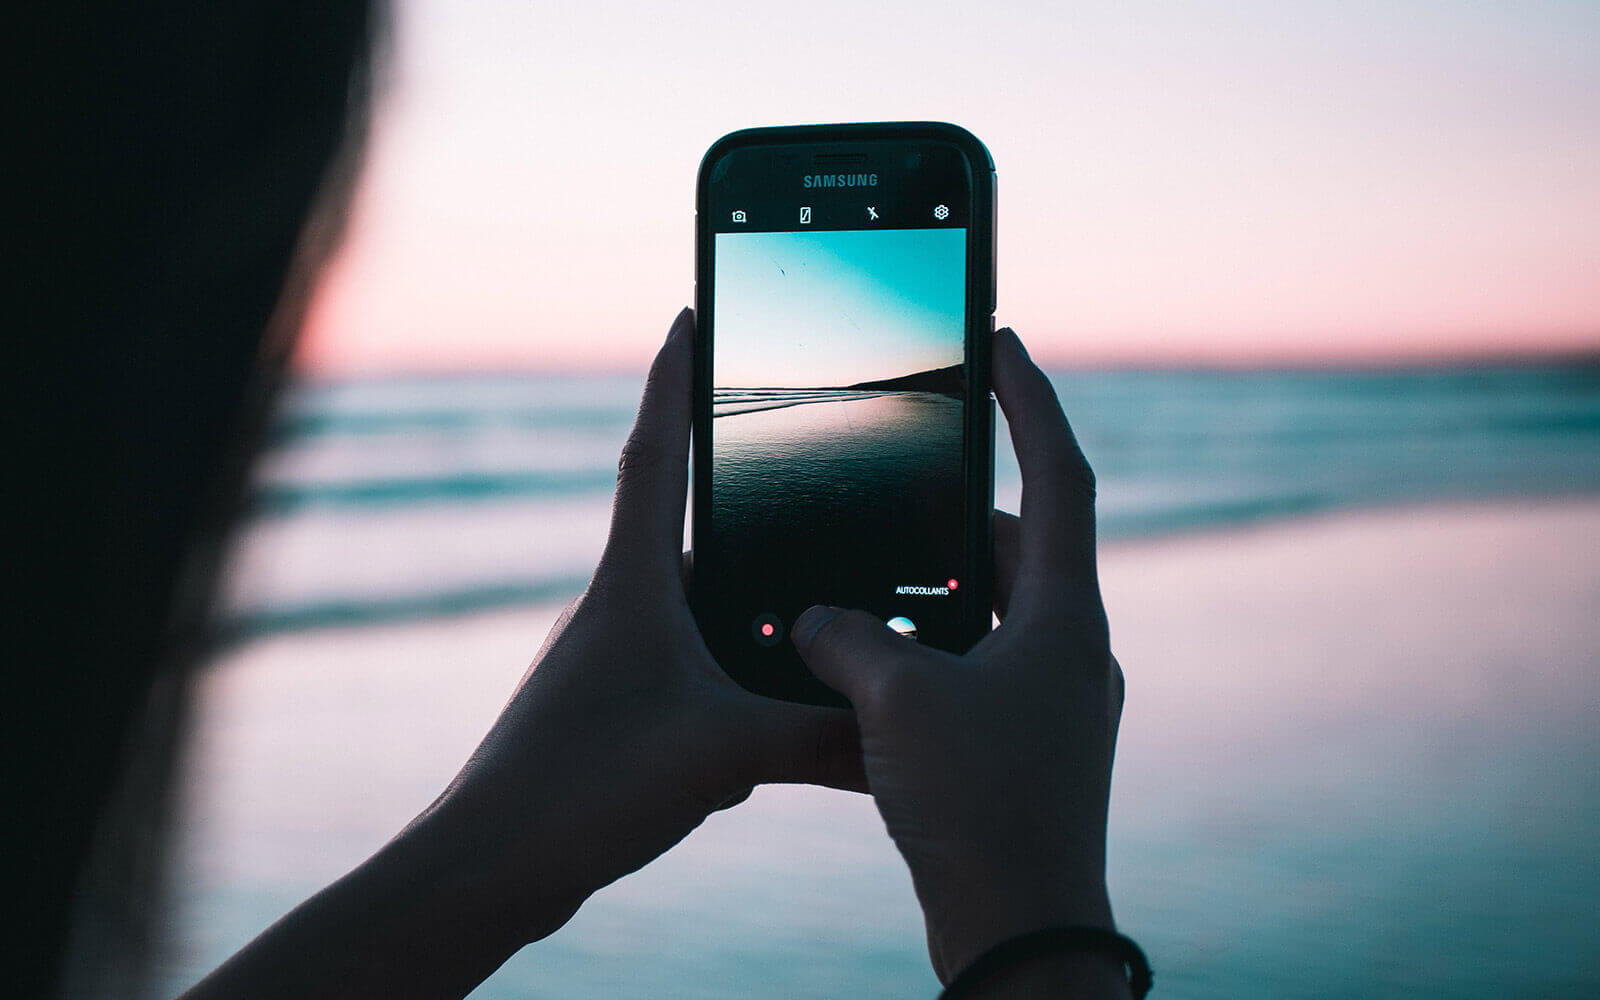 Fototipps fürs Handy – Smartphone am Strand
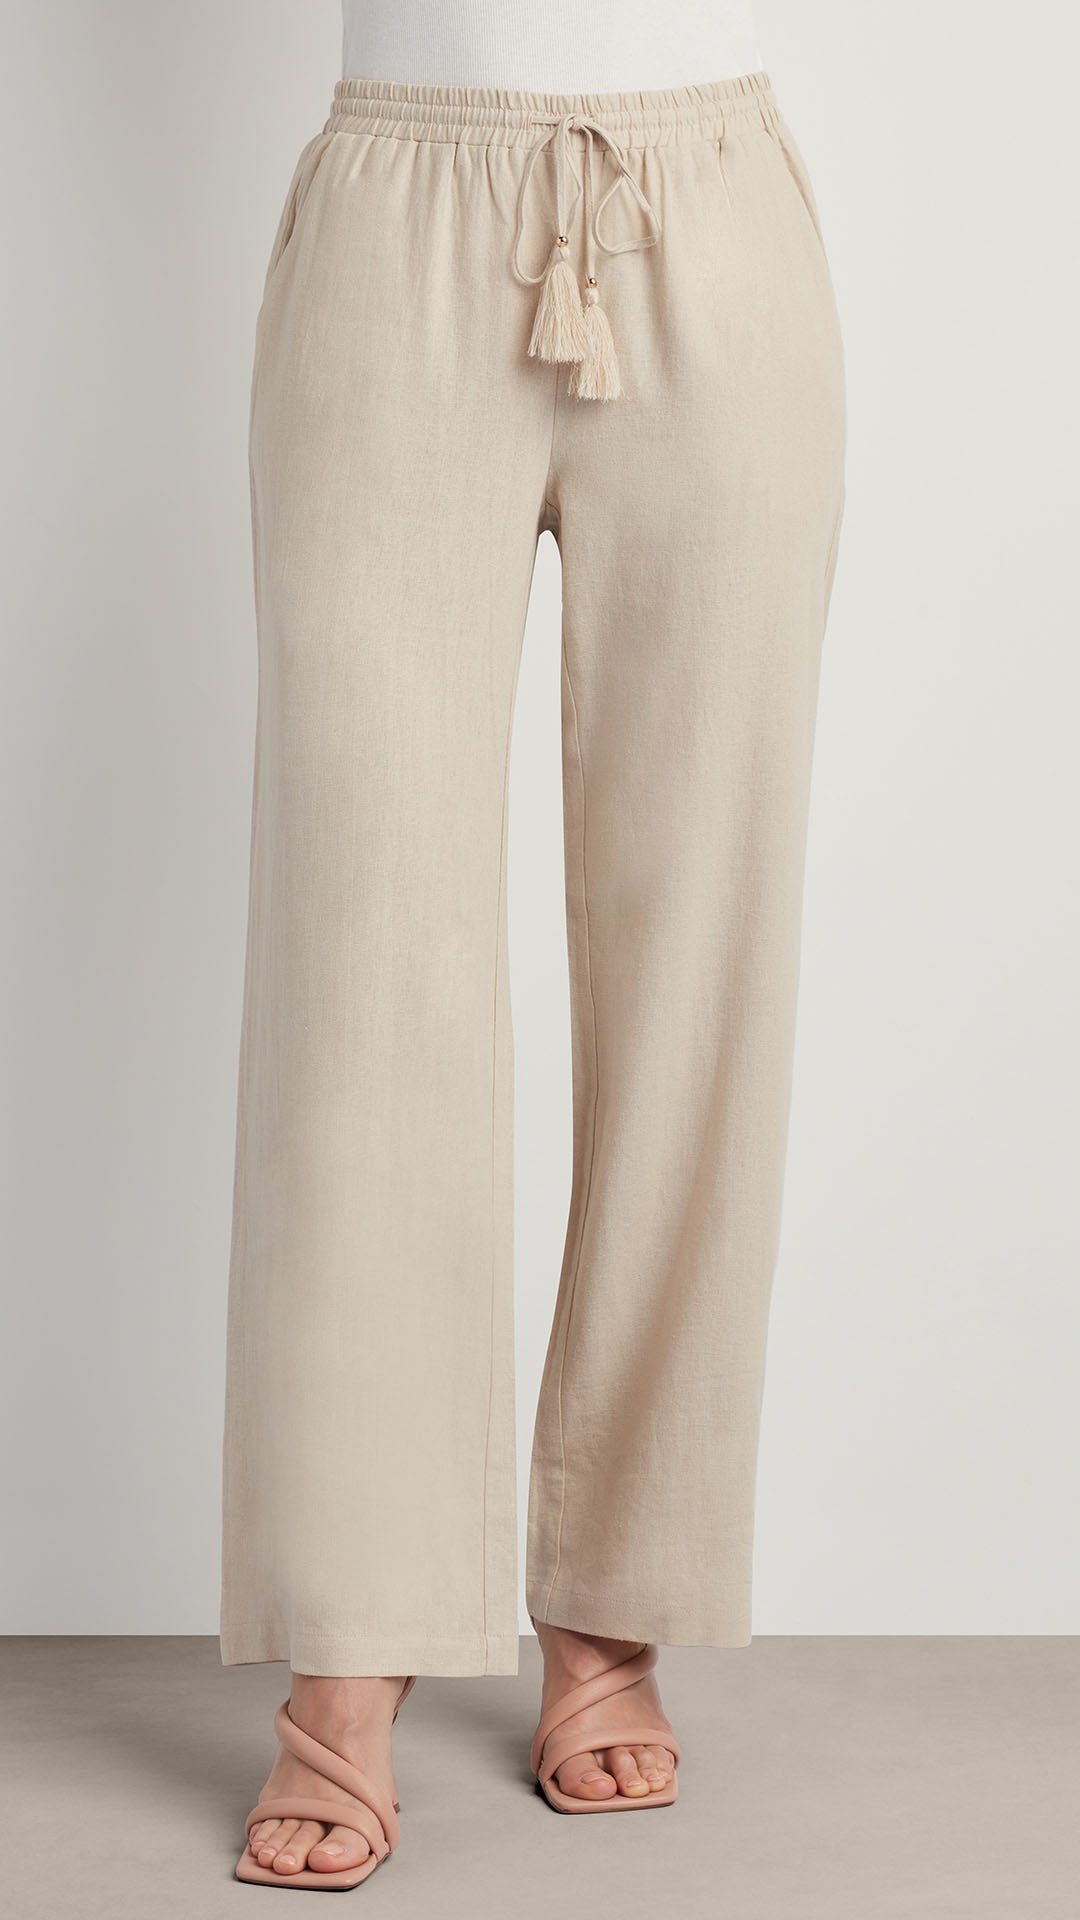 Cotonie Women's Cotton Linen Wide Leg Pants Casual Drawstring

------------------------------------------------

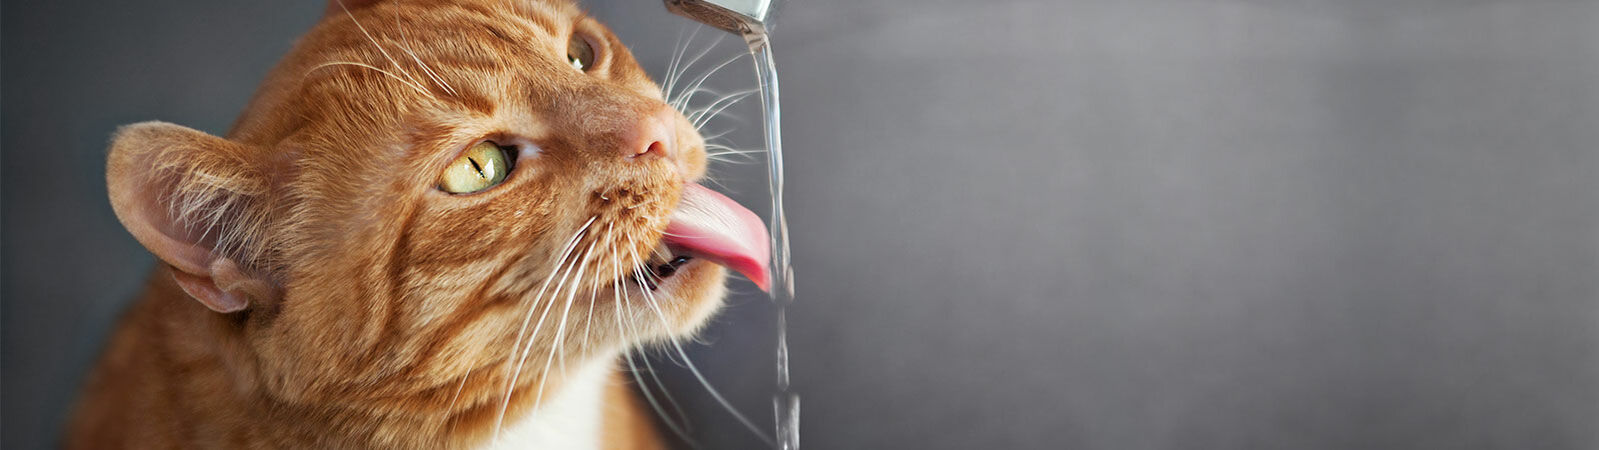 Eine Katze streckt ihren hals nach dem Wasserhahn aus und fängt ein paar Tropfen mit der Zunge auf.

------------------------------------------------

*What you should do*
Leaving out all pictures, set down exactly the lines of the material above, from the line with "Fototipps fürs Handy – Smartphone am Strand" to the line with "Cotonie Women's Cotton" inclusive, and no others.

*Response below*
 Fototipps fürs Handy – Smartphone am Strand
 Cotonie Women's Cotton Linen Wide Leg Pants Casual Drawstring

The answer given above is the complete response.